Joystick 1 not detected
Joystick 2 not detected
Joystick 3 not detected
Joystick 4 not detected
Joystick 5 not detected
Joystick 6 not detected
Joystick 7 not detected
+--------------------JS.0----------------------+
| Btns Ax:0 Ax:1 Ax:2 Ax:3 Ax:4 Ax:5           |
+----------------------------------------------+
^C0000 +0.1 -0.1 +0.0 +1.0 +0.0 +0.0   .    .  |
alastair@Laburnum-desktop:~$ 



However I cant figure out jscal :


alastair@Laburnum-desktop:~$ jscal "THRUSTMASTER topgun afterburner" -c
jscal: can't open joystick device: No such file or directory
alastair@Laburnum-desktop:~$ 




Best regards

Alastair

----------


## Alasta

I see .Here are the prioritys ....

----------


## Alasta

I would appreciate any input at All here : )

----------


## dvk2

On my system (Arch) it is 
jscal -c /dev/input/js0

Just browse in the /dev/input directory and look for something similar.

----------


## vfd000

Thrust master usually does a good job of being auto detected in ubuntu.

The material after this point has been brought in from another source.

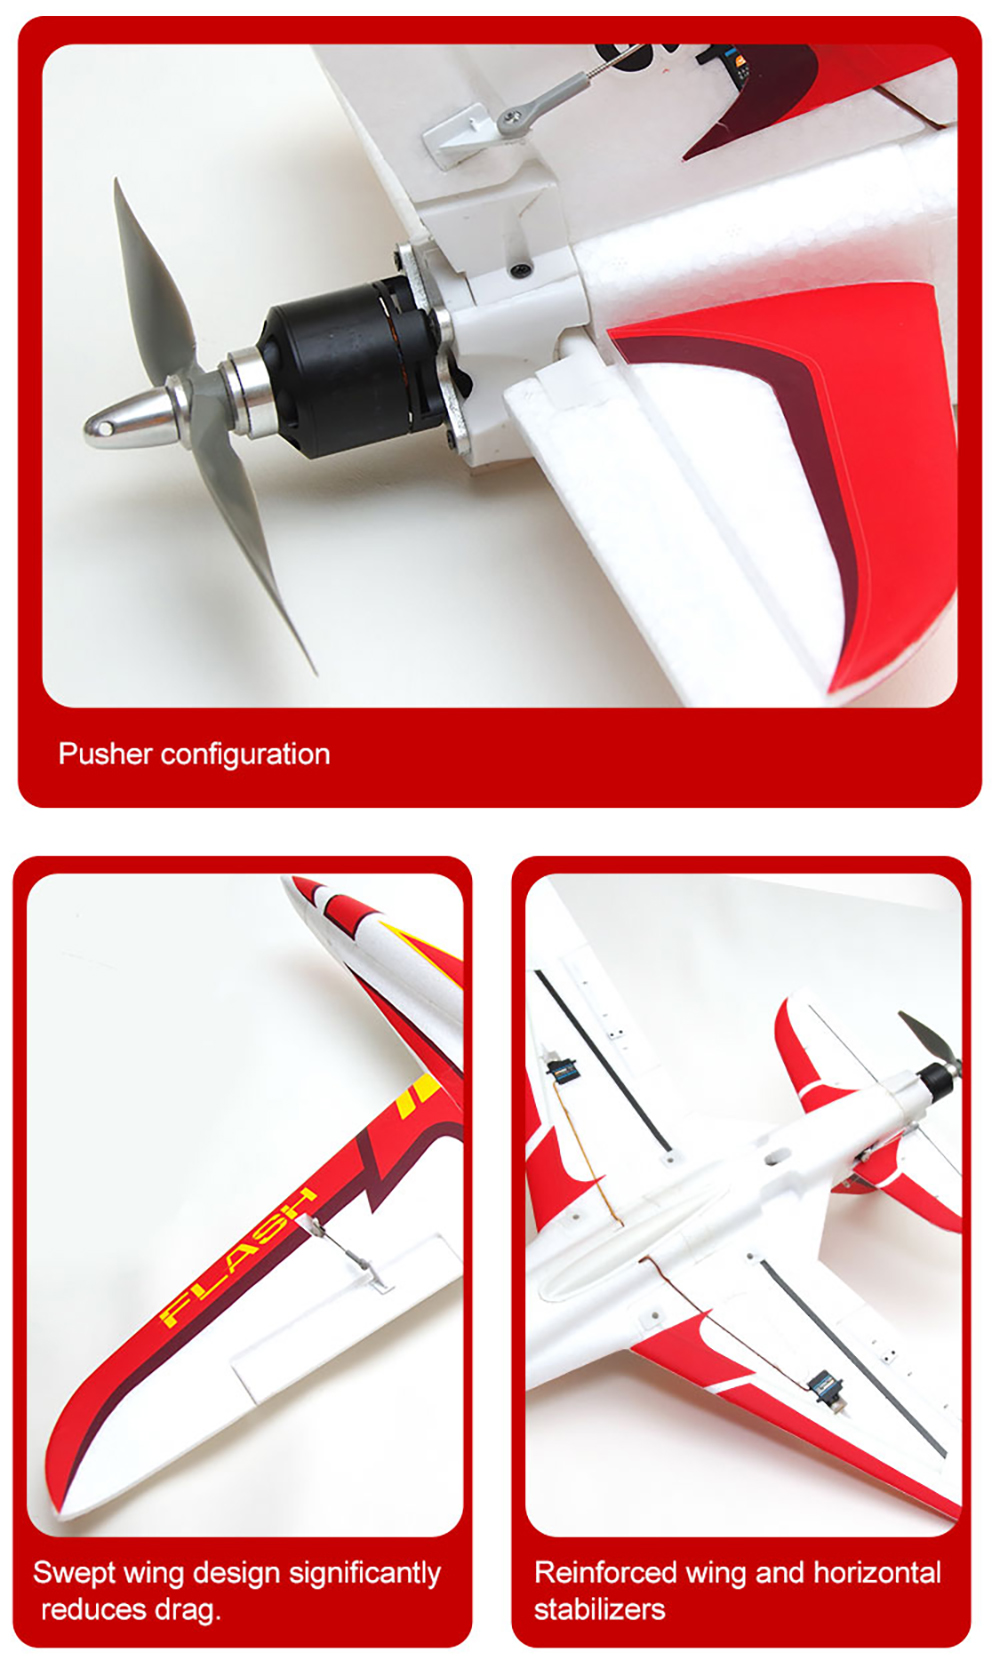 FMS-850mm-Wingspan-Flash-High-Speed-180kmh-4S-Racer-EPO-RC-Airplane-PNP-with-Reflex-Stabilizer-Fligh-1774714-3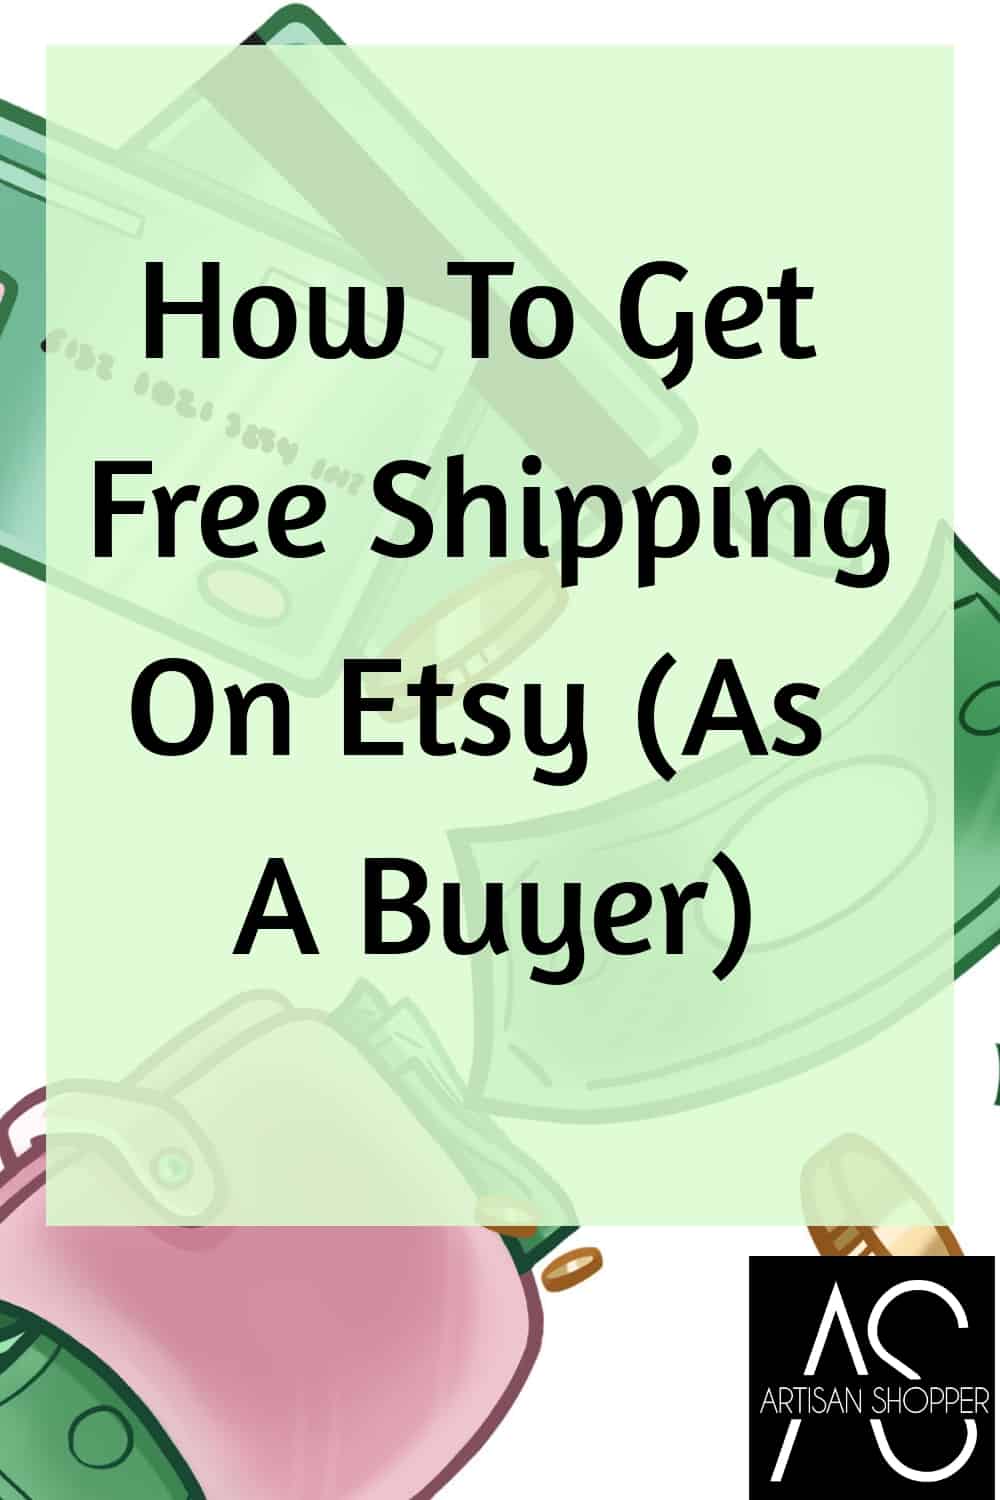 how-to-get-free-shipping-on-etsy-as-a-buyer-artisan-shopper

For a graphical layout of you're axis and buttons use jstest_gtk (you can get it either via terminal using sudo apt-get install jstest_gtk, or the software center.) to calibrate and configure it use joy2Key
    sudo apt-get install joy2key
in linux it's text driven so it can be a bit tricky but there are joy 2 key tutorials you can follow.

----------